Gotrade News - Otoritas pasar modal Amerika Serikat (SEC) bergerak di dua front penegakan dalam pekan ini. SEC menyelesaikan gugatan pengungkapan saham Twitter terhadap Elon Musk dan membuka penyelidikan dugaan kecurangan di pasar private credit. Kedua langkah ini menandakan regulator yang memperluas pengawasan ke luar saham publik tradisional.

Poin Penting

  • Trust atas nama Elon Musk akan membayar denda perdata 1,5 juta dolar AS untuk menyelesaikan gugatan SEC soal keterlambatan pengungkapan saham Twitter pada 2022, tanpa pengakuan bersalah.
  • Ketua SEC Paul Atkins mengonfirmasi di Milken Conference bahwa lembaganya sedang menyelidiki dugaan kecurangan di pasar private credit, tanpa menyebut nama perusahaan.
  • Atkins menyatakan private credit belum dipandang sebagai risiko sistemik, tetapi Financial Stability Oversight Council aktif memantau sektor ini.

Damai Musk Tutup Babak Twitter

Menurut Investing.com, kesepakatan ini menutup gugatan SEC yang diajukan pada Januari 2025. SEC menuduh Musk terlambat 11 hari mengumumkan kepemilikan awal 5 persen di Twitter. Keterlambatan ini memberi Musk waktu membeli saham lebih dari 500 juta dolar AS di harga yang lebih rendah sebelum mengungkapkan posisi 9,2 persen.

Denda dibayar oleh trust atas namanya, bukan Musk secara pribadi. SEC juga tidak meminta Musk mengembalikan sekitar 150 juta dolar AS yang menurut regulator dia hemat lewat pengungkapan terlambat.

Pengacara Musk, Alex Spiro, menyebut hasil ini sebagai pembebasan. Dia mengatakan kliennya "telah dibebaskan dari seluruh isu terkait keterlambatan pengisian formulir dalam akuisisi Twitter." Kesepakatan ini terpisah dari putusan juri Maret 2026 yang menyatakan Musk bersalah menipu pemegang saham Twitter dalam proses akuisisi.

Probe Private Credit Masuk Sorotan

Dilansir PYMNTS, Ketua SEC Paul Atkins menggunakan panggung Milken Institute Global Conference pada 4 Mei untuk membenarkan adanya pemeriksaan dugaan kecurangan di pasar private credit. "Ada tudingan kecurangan, dan saya tentu tidak bisa membicarakan kasus tertentu, tetapi kami juga menyelidikinya," kata Atkins.

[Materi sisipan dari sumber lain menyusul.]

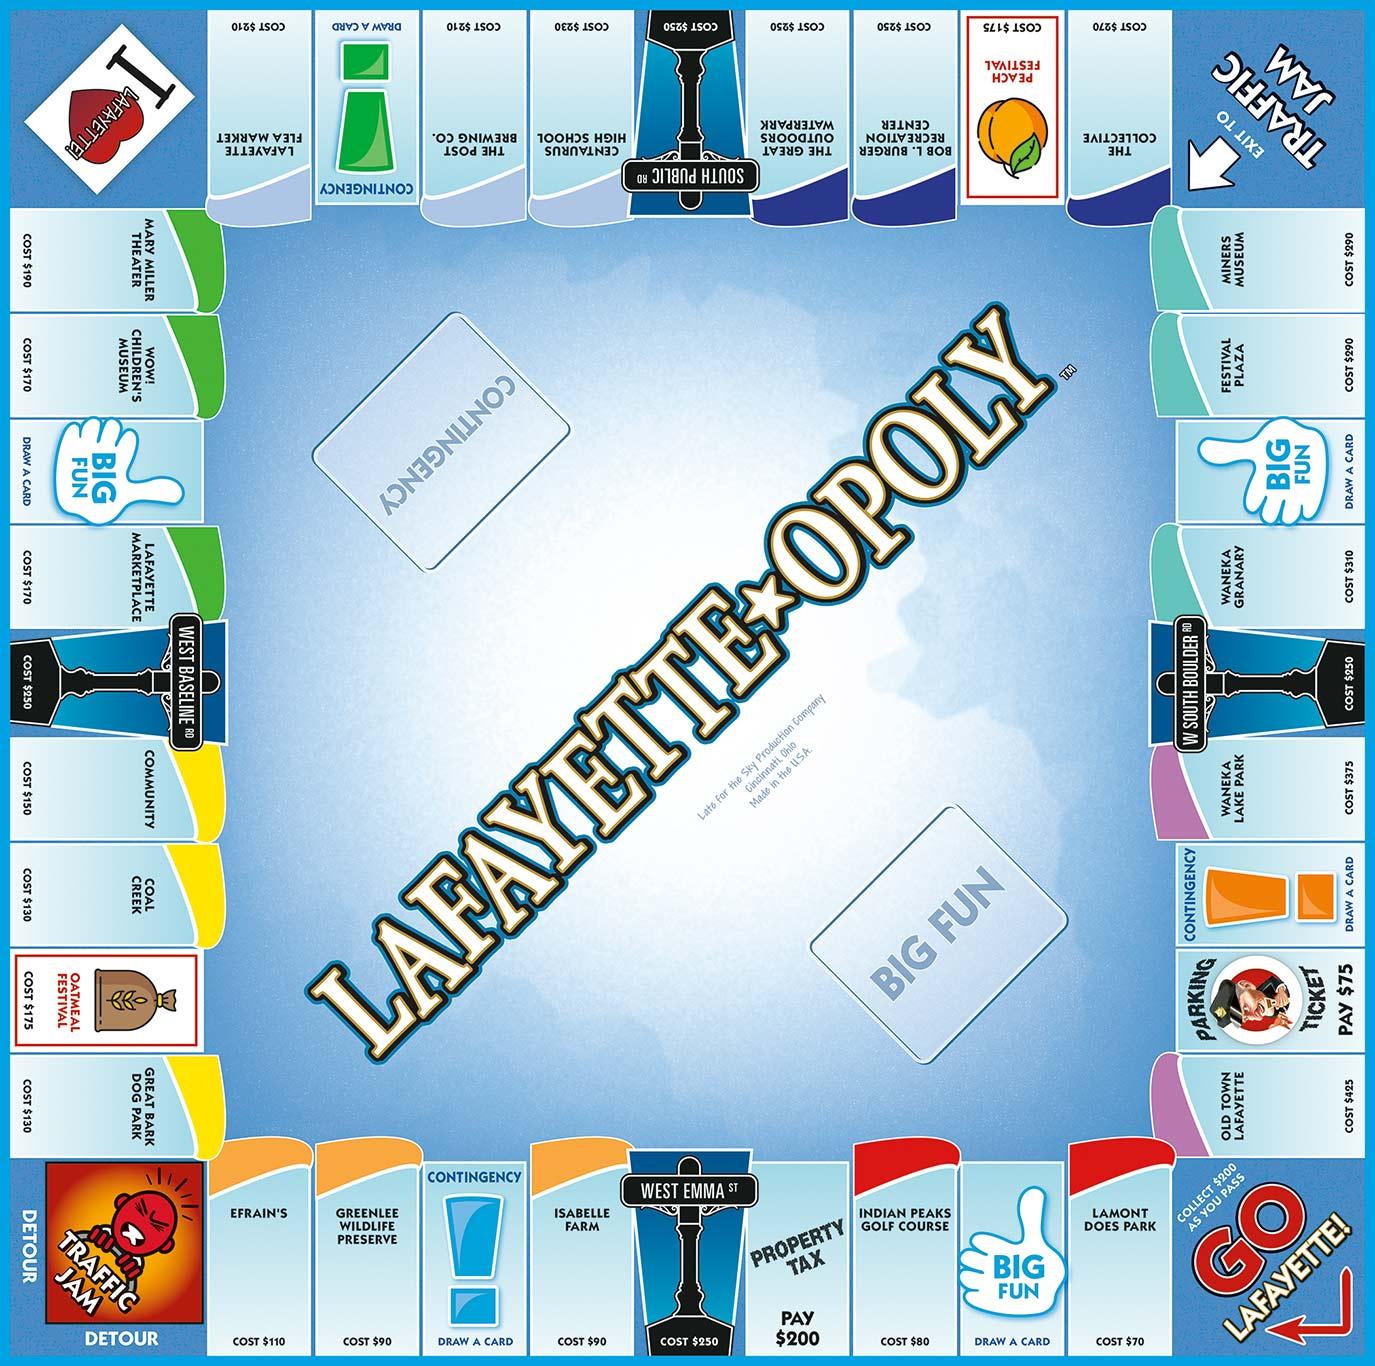 LAFAYETTE-OPOLY Board Game

Dia menambahkan bahwa SEC belum memandang private credit sebagai risiko sistemik "setidaknya saat ini." Gubernur Federal Reserve Michael Barr secara terpisah memperingatkan risiko "penularan psikologis," dan CEO JPMorgan Chase Jamie Dimon berulang kali memperingatkan titik tekanan di kelas aset ini.

Kenapa Penting Buat Investor

Untuk emiten yang memiliki eksposur ke private credit, penyelidikan ini menambah variabel baru yang perlu kamu pantau. Blackstone, KKR, dan BlackRock agresif memperluas bisnis private credit bersama bank besar seperti JPMorgan Chase, sehingga setiap aksi penegakan berpotensi menekan aliran dana berbasis biaya pengelolaan dan menambah ketidakpastian valuasi pinjaman swasta yang selama ini dinilai oleh manajer dana itu sendiri.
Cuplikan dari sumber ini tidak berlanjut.